TO DO: Write down exactly the lines from the one below that has "R 5505 Filtro" to the end of the data, both ends included; the pictures should not appear in your copy.

DATA EXCERPT:
*** Begin section ***

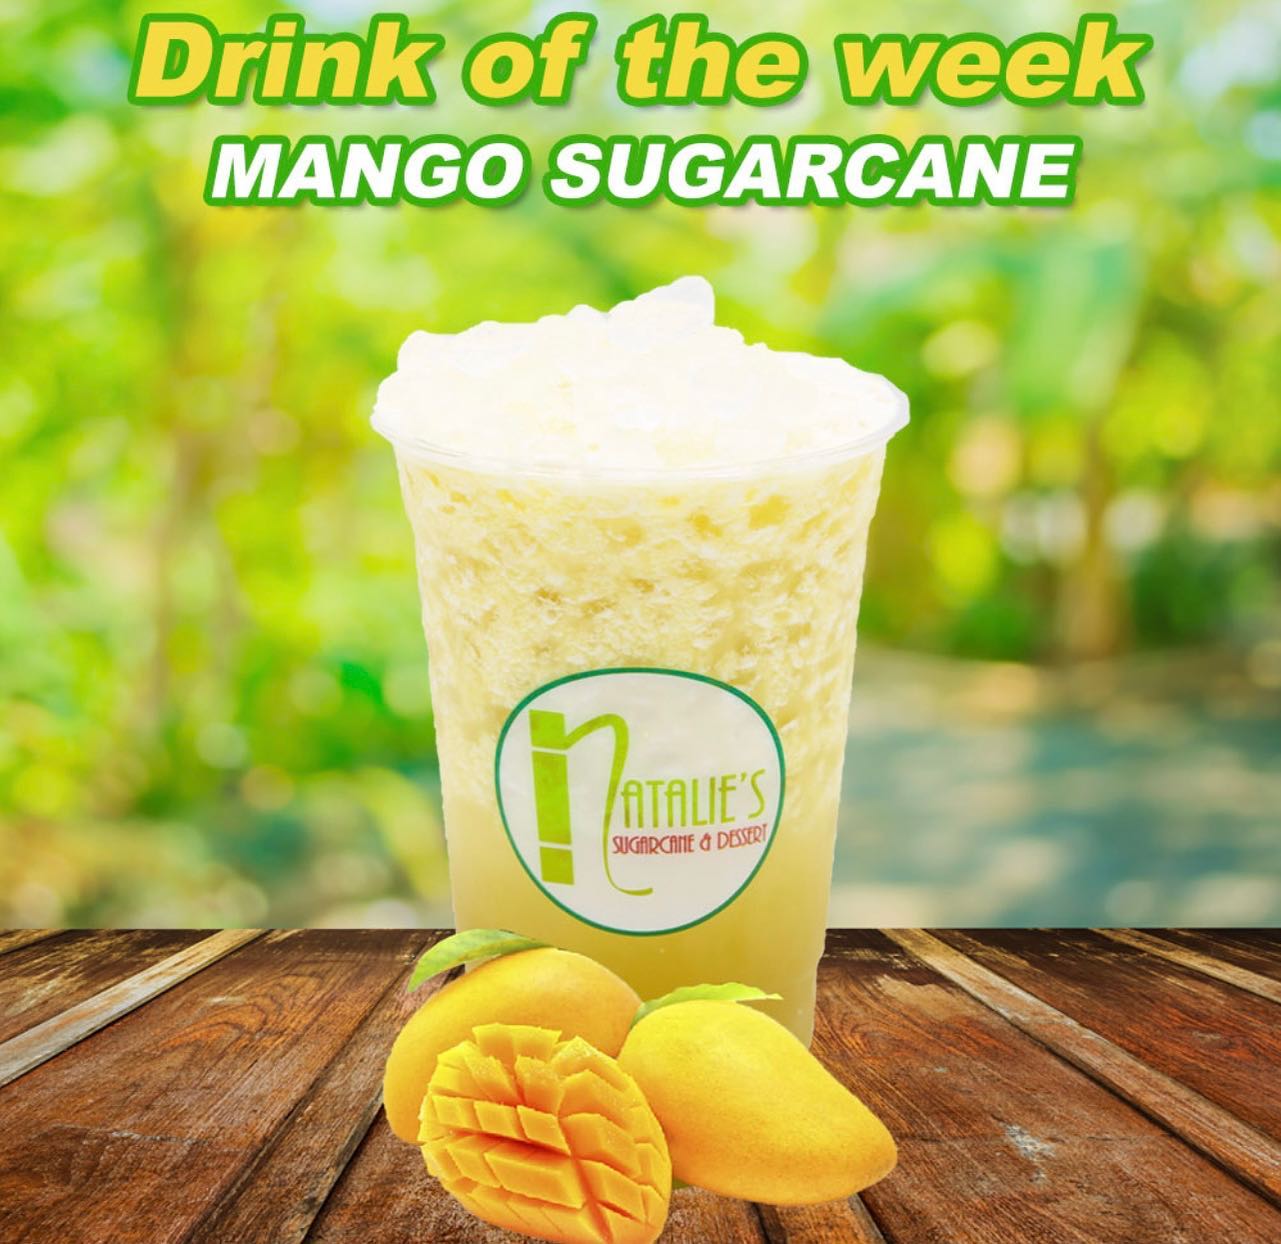 Mango Sugarcane
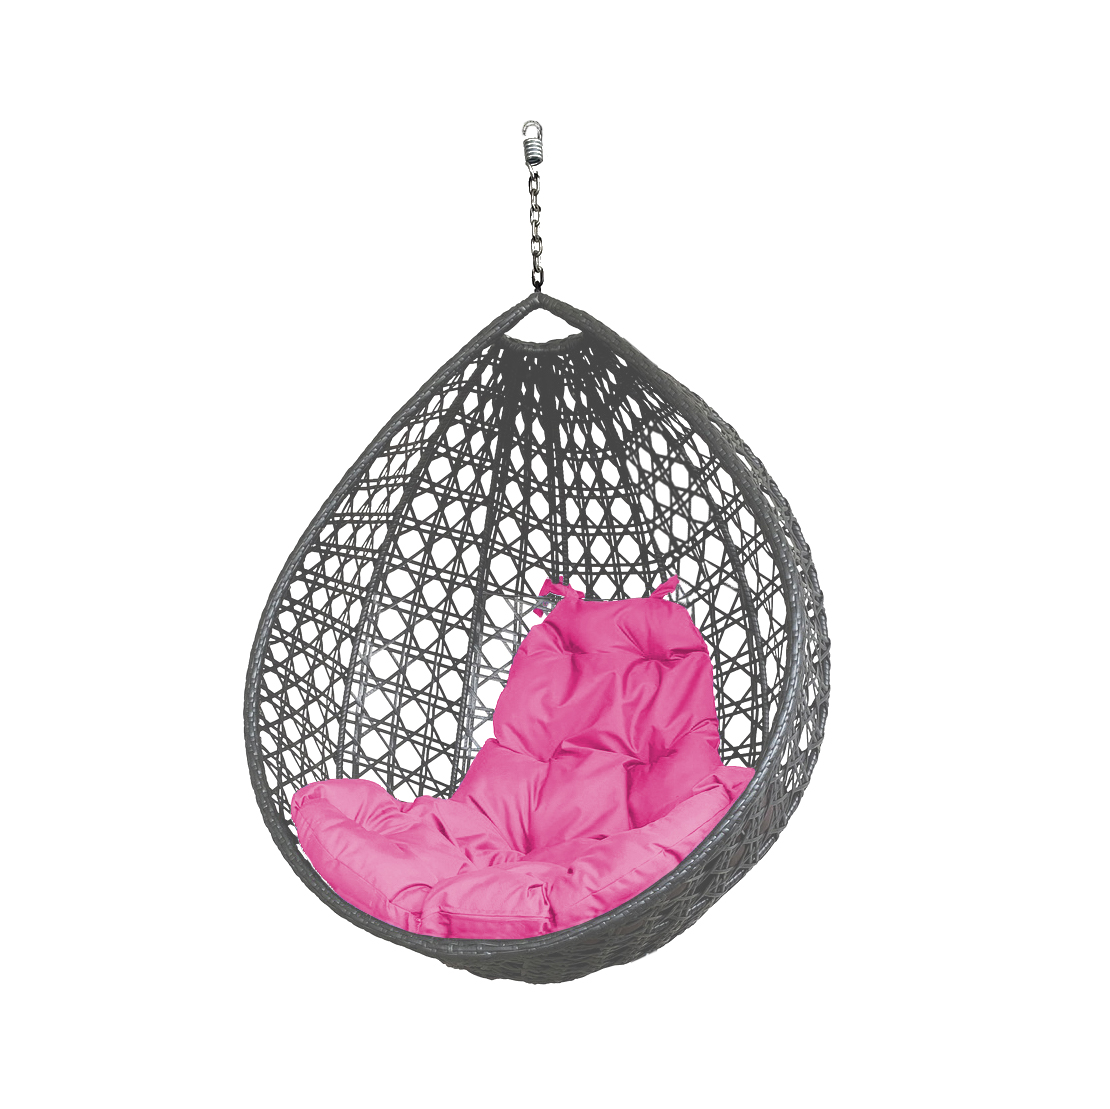 фото Подвесное кресло серое m-group капля люкс (без стойки) 11300308 розовая подушка
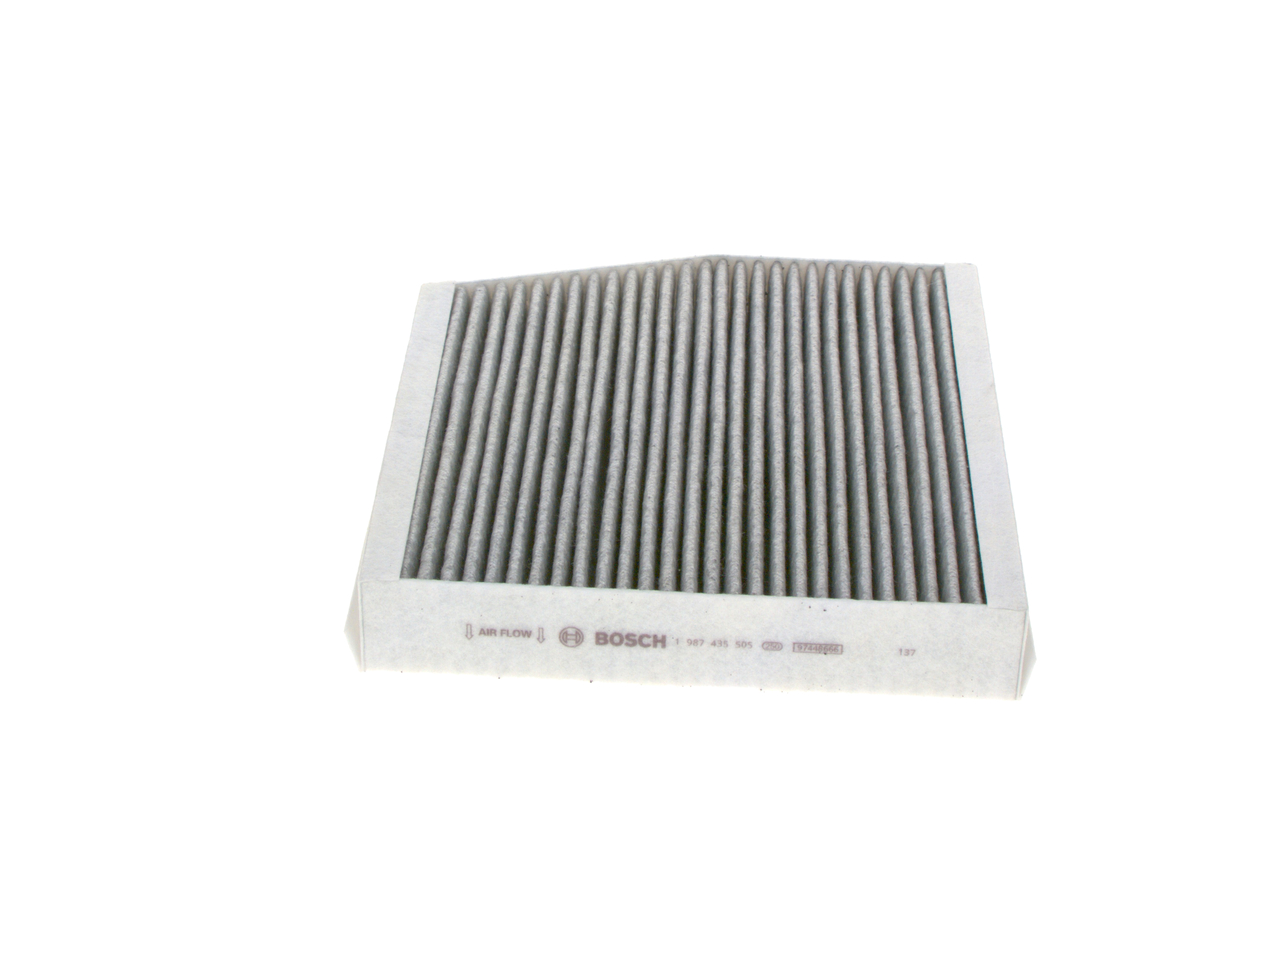 R 5505 Filtro aire habitáculo BOSCH Filtro de carbón activado, 239 mm x 253 mm x 43 mm - 1 987 435 505
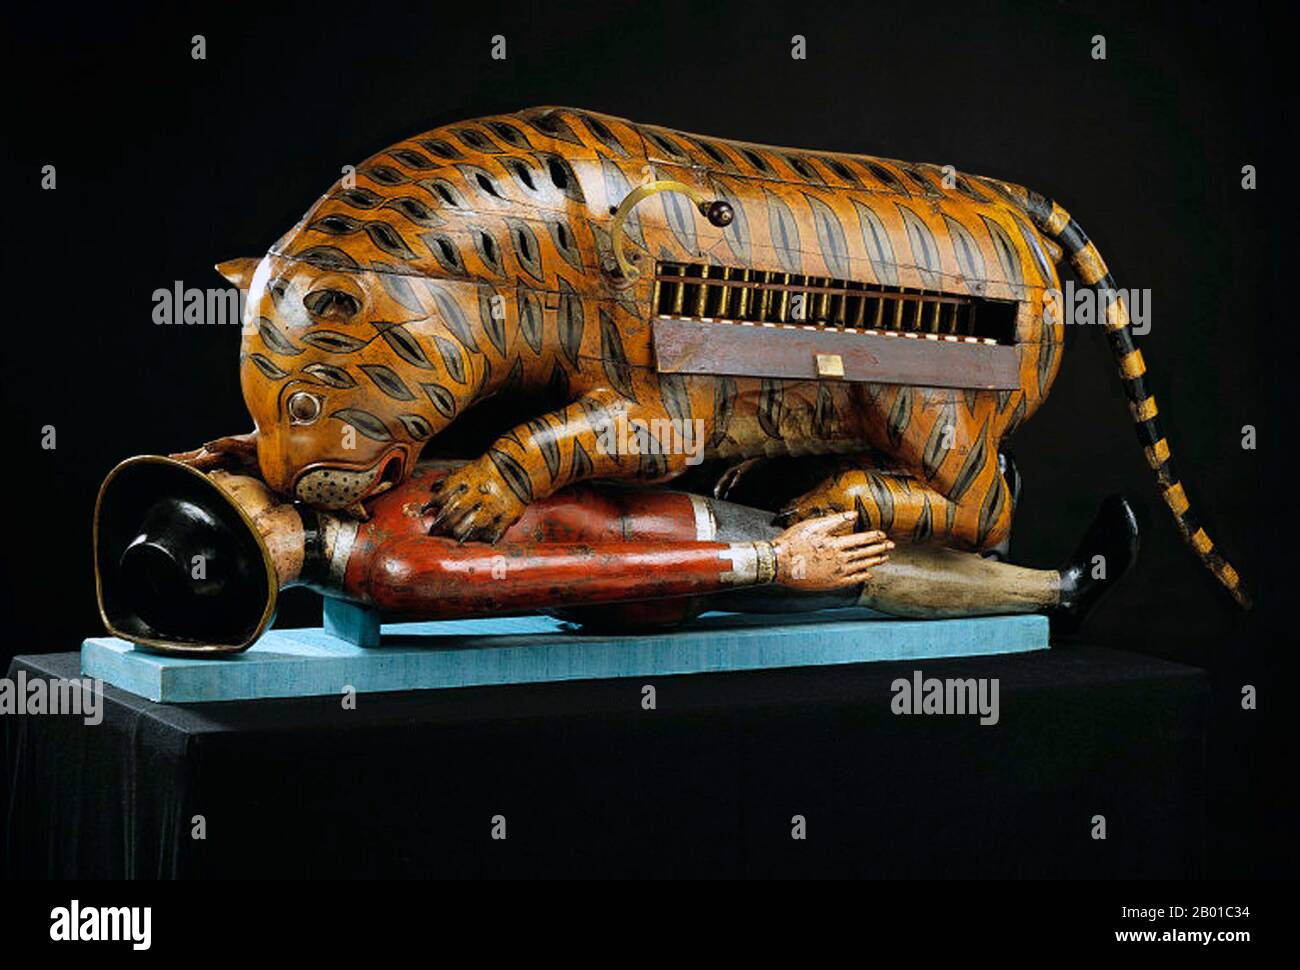 India: La tigre meccanica di Tipu Sultan che muling un soldato britannico, Mysore, c.. 1790. Foto di Victoria and Albert Museum (CC BY-SA 3,0 License). La tigre di Tipu apparteneva al sultano di Tipu, regnante di Mysore (r. 1782-1799). L'automa in legno quasi a grandezza naturale rappresenta una tigre che mulleggia una figura prostrata nei vestiti europei. C'è un organo all'interno del corpo della tigre. Quando una maniglia viene girata, l'organo gioca e il braccio della vittima si alza e cade. La tigre fu presa dagli inglesi dal palazzo di Mysore dopo l'assedio di Seringapatam nel 1799. Foto Stock

*** End section ***

COMPLETED EXERCISE:
 R 5505 Filtro aire habitáculo BOSCH Filtro de carbón activado, 239 mm x 253 mm x 43 mm - 1 987 435 505
 India: La tigre meccanica di Tipu Sultan che muling un soldato britannico, Mysore, c.. 1790. Foto di Victoria and Albert Museum (CC BY-SA 3,0 License). La tigre di Tipu apparteneva al sultano di Tipu, regnante di Mysore (r. 1782-1799). L'automa in legno quasi a grandezza naturale rappresenta una tigre che mulleggia una figura prostrata nei vestiti europei. C'è un organo all'interno del corpo della tigre. Quando una maniglia viene girata, l'organo gioca e il braccio della vittima si alza e cade. La tigre fu presa dagli inglesi dal palazzo di Mysore dopo l'assedio di Seringapatam nel 1799. Foto Stock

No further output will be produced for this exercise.